Ancien juriste, Maire de Natchez, il est le fils d'un docteur dont l'infirmière noire a été martyrisée par les extrémistes blancs dans les années soixante. Quand s'ouvre la partie contemporaine du roman, on bascule avec les héritiers de cette période où le Klan et les milices de même obédience faisaient griller les Noirs dans les faubourgs de Natchez. C'est désormais face à une accusation de meurtre du père que le fils engage son combat pour la vérité.
Toujours difficile de refaire l'histoire. Le rétroviseur a souvent des défaillances coupables, surtout quand l'actualité n'a pas fourni en temps utile les réponses aux questions aussi troublantes que celles posées par la mort de John Kennedy par exemple.
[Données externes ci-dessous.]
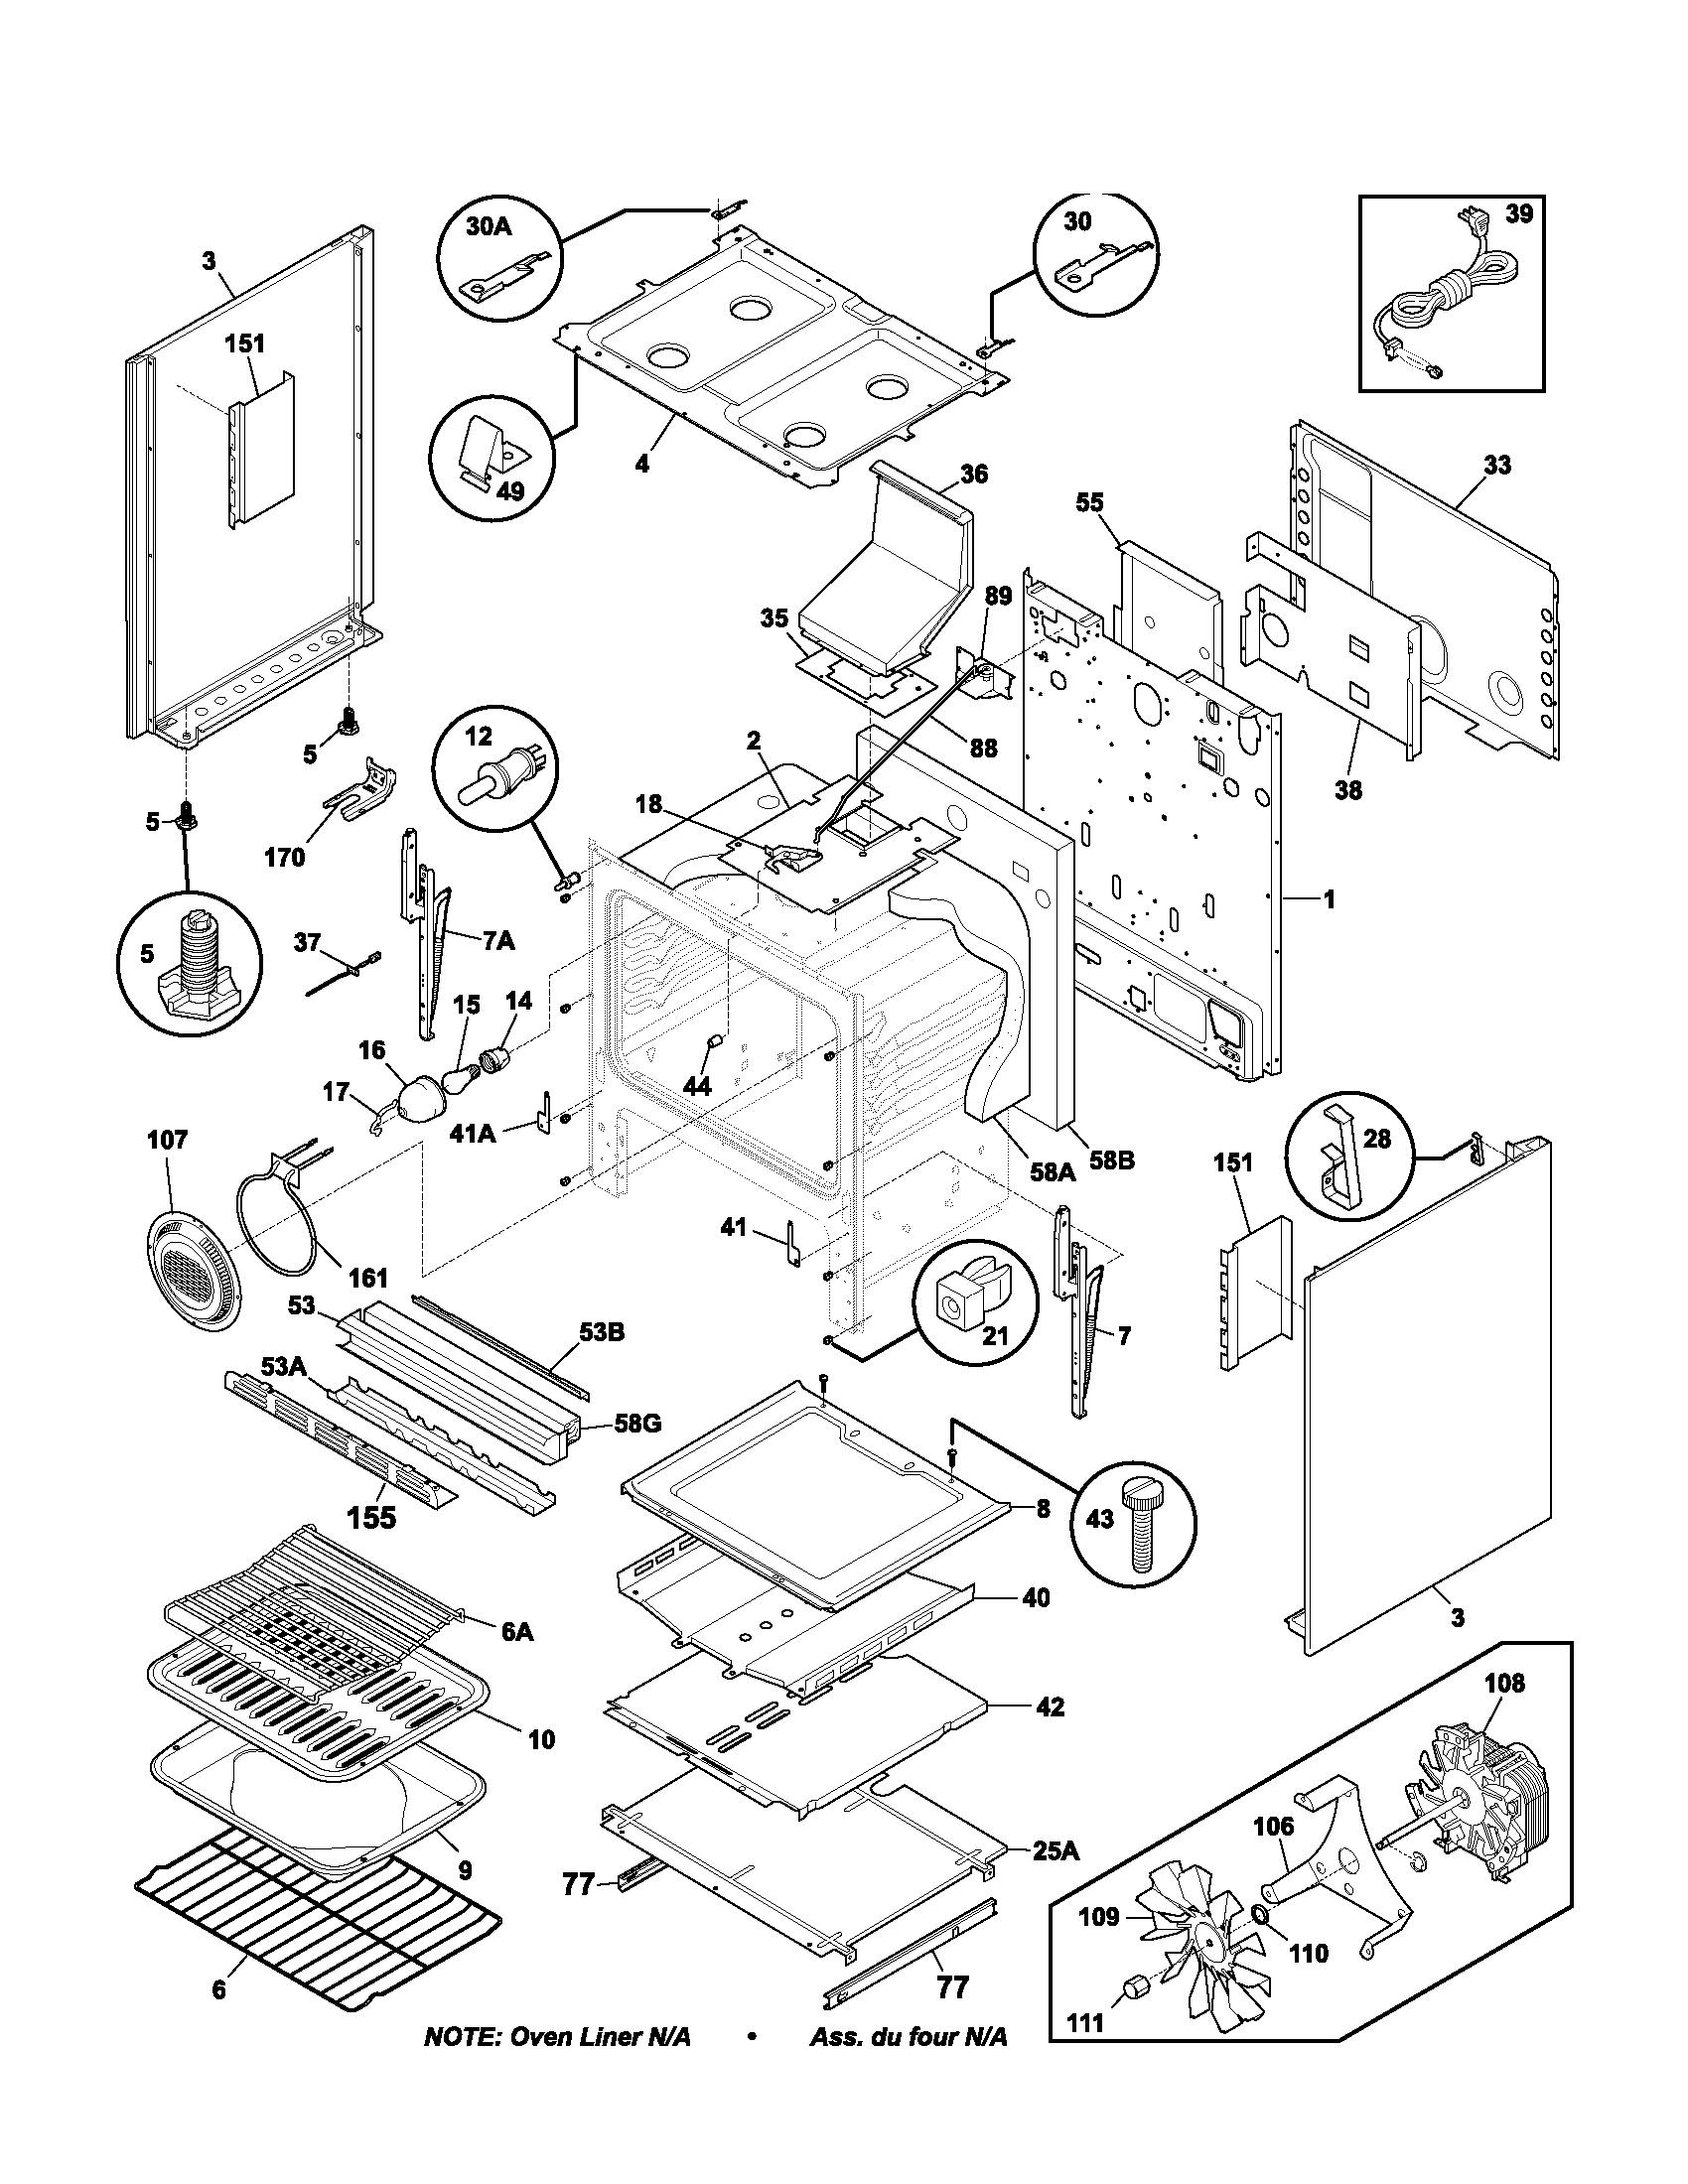 Frigidaire gallery gas dryer parts diagram 1700 x 2200 · 77 kb ·

Sans être le sujet du roman de Greg Iles, l'assassinat du président américain s'y inscrit pourtant en marge d'une analyse plus subversive sur la réalité des guerres menées par les États-Unis.
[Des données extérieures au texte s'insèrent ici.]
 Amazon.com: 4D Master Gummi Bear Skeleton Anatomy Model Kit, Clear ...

La Corée où le Vietnam masquent un blessure secrète, plus profonde et jamais refermée, une guerre civile dont les nordistes ne sont que les vainqueurs provisoires. "La guerre en elle-même faisait encore rage dans tout le pays, juste au-dessous de la surface étincelante du Rêve Américain (…) quiconque avait lu un peu d'histoire savait que les grandes civilisations s'effondraient toujours de l'intérieur." Une fresque passionnante.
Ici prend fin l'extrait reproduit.